In March 2020, at the start of the COVID-19 pandemic, Saperia and Newspeak House launched the Coronavirus Tech Handbook, a crowdsourced library of tools, services and resources for technologists responding to the pandemic. The handbook drew contributions from thousands of technologists, researchers and civic organisations worldwide, and received a £50,000 grant from the innovation foundation Nesta in April 2020. Its work was guided by an advisory board including Katherine Maher, then executive director of the Wikimedia Foundation; Bill Thompson of the BBC; Theo Blackwell, chief digital officer of the Greater London Authority; and Jeni Tennison, chief executive of the Open Data Institute.
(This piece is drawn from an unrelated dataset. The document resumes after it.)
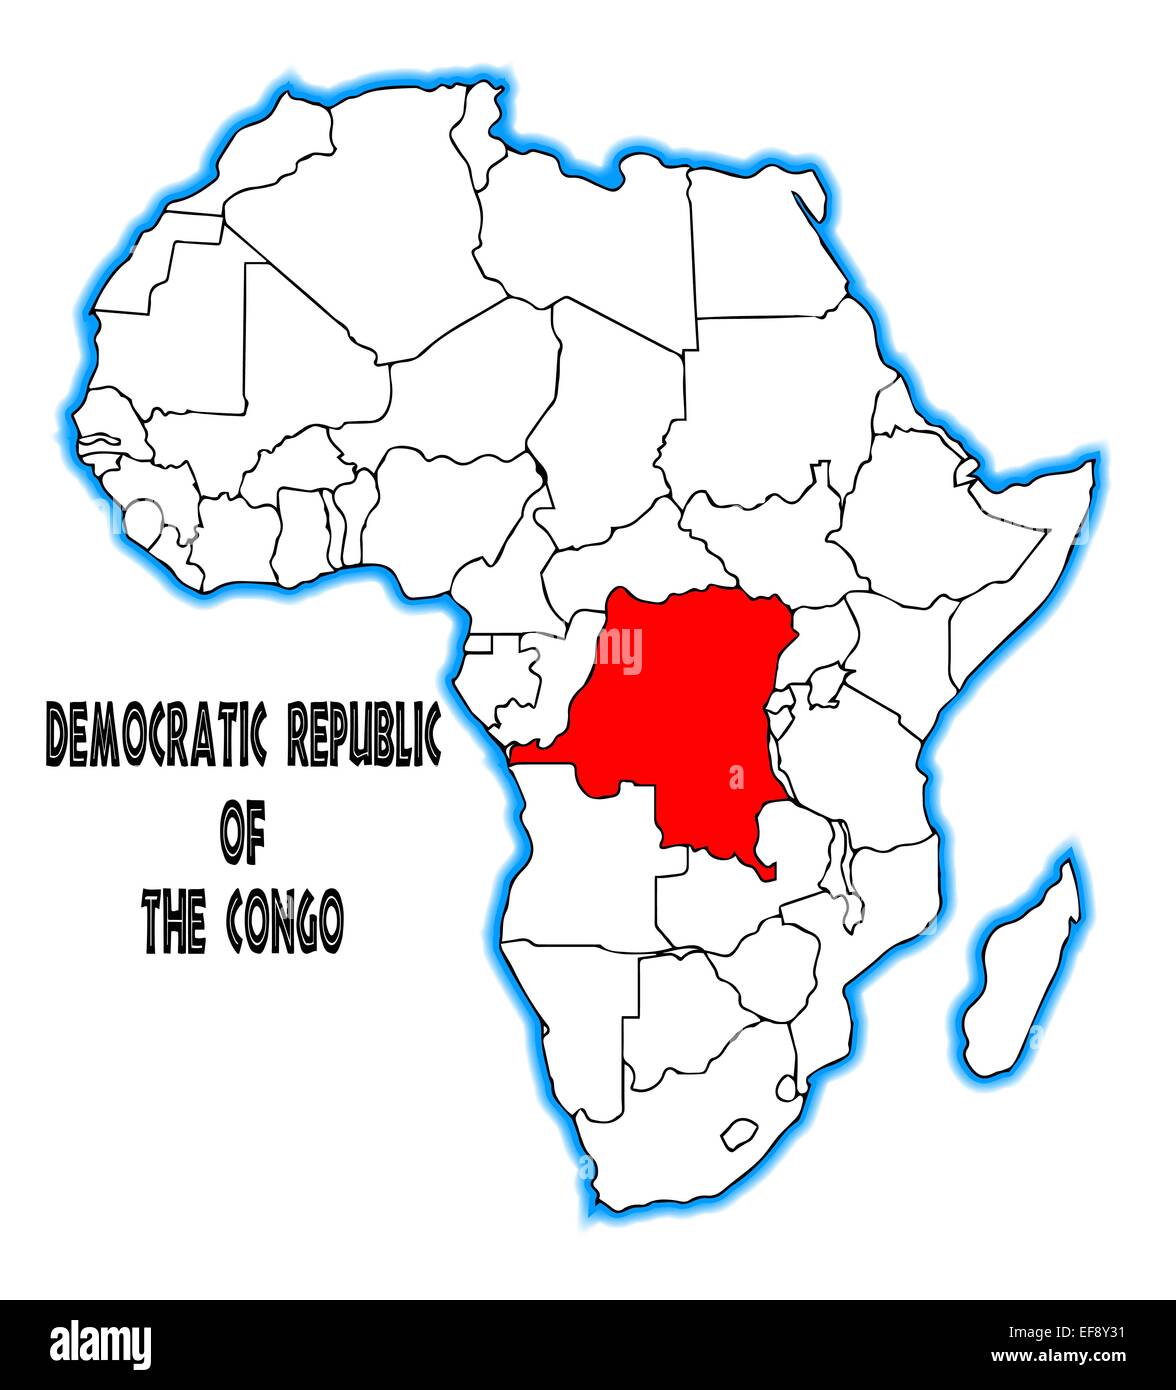 Democratic Republic Of The Congo Outline Inset Into A Map Of Africa EF8Y31

=== UK Democracy Handbook and Centre for Democracy ===
Following the Coronavirus Tech Handbook, in 2020 Saperia and a project team of James Moulding, Joe Mitchell, Jonny Chambers and Michelle Man received seed funding from Nesta to create the UK Democracy Handbook, applying the same collaborative handbook model to organisations working on democracy in the UK. The project developed into the Centre for Democracy, founded in January 2021 to support the ecosystem of UK democracy organisations through a sector directory, jobs and grants listings and a fortnightly newsletter; its functions were later absorbed into the UK Democracy Network.

=== Civic AI Observatory ===
In 2023 Newspeak House and Nesta jointly launched the Civic AI Observatory, a programme studying the implications of generative artificial intelligence for civil society organisations.

=== Research ===
In February 2026, Newspeak House and Campaign Lab co-authored Democracy on Default Settings, a report published by the think tank Demos on how outdated systems and tooling undermine the day-to-day work of members of Parliament.